Glia would be a hugely attractive source of new nerve cells, because they
outnumber our neurons 10 to 1. But exploiting them won’t be easy. Not all glia
naturally produce neurons. In fact, even in the parts of adult brains where
neurons are known to form, mice studies show that only about 1 in 100 glial
cells act as NSCs.
But Gordon Fishell of the New York University Medical Center has found a way
to improve the odds. When his team used an engineered virus to introduce more
genes for a protein receptor called Notch into astrocytes, the number capable of
neurogenesis increased 25-fold. And when he infected the cells with a protein
that poisons the Notch activity, the number of cells with NSC ability dropped to
1 in 300. “That’s strong proof Notch is a central player,” he says. Similarly,
Götz’s team has shown that a protein called Pax6, a transcription factor
which activates other genes, pushes glial cells to produce neurons.

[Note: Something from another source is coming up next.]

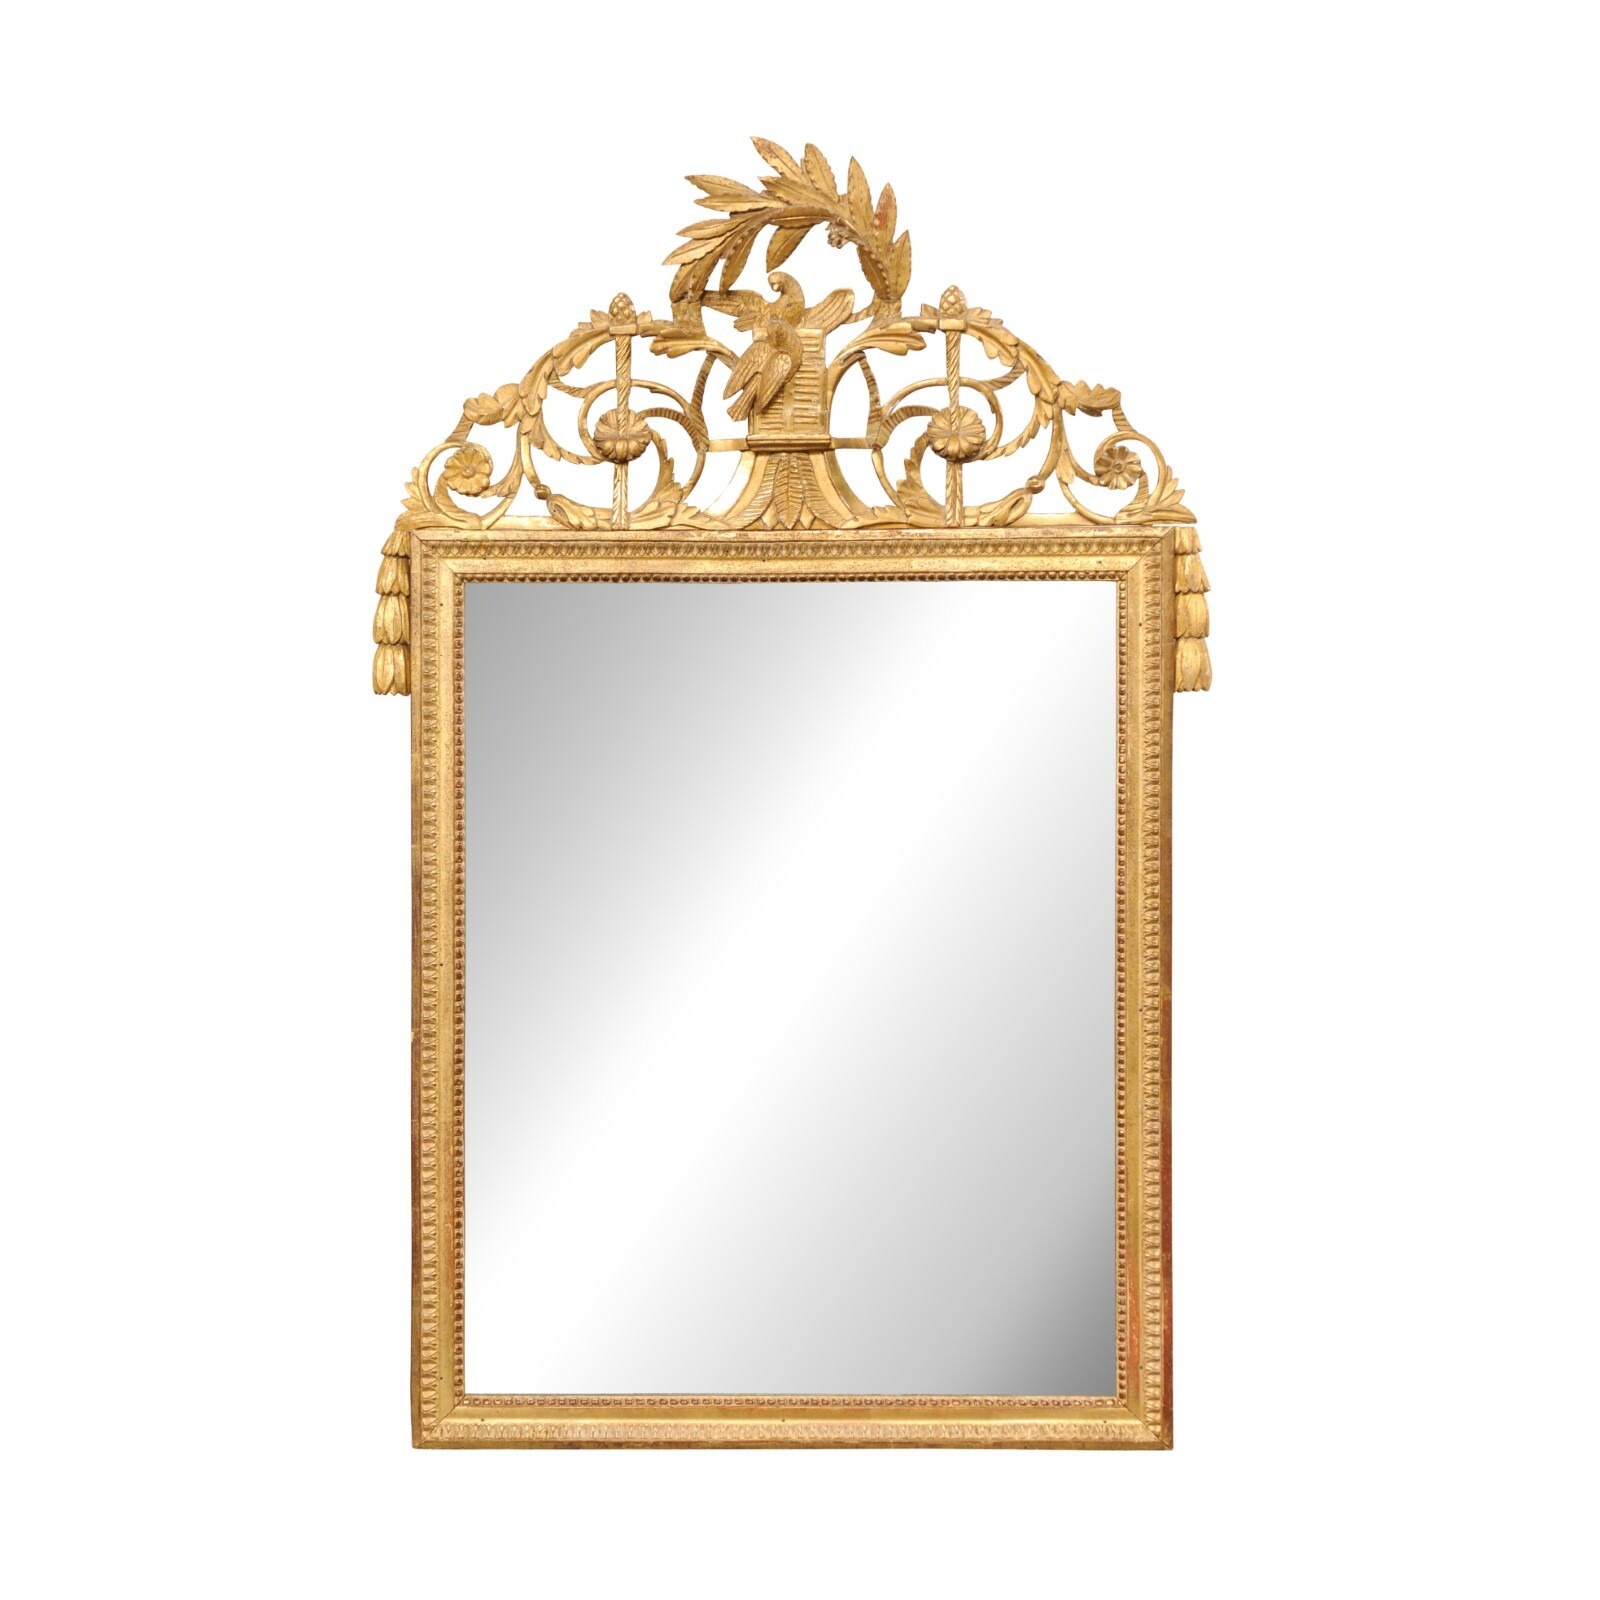 French Gilt Mirror w/Ornate Crest, 19th C.

This is still a long way from treating disease, of course. To treat
Parkinson’s, for instance, the cells would have to become dopamine-producing
neurons, which will probably require treating them with a sequence of different
factors. “It will take a while to work out the recipe for that,” says
Fishell.
But researchers are thrilled by the idea that glial cells may be the “mother
tissue” of the brain. Kriegstein thinks that as well as clearing damage, they
could eventually generate neurons and then help guide them to their proper
position. And that might be just the beginning, according to Fiona Doetsch of
Harvard University, who has been working with Alvarez-Buylla. “Glia have been
the most mysterious cells in the brain,” she says. “Their role as NSCs is just a
hint there is much more to discover about them.”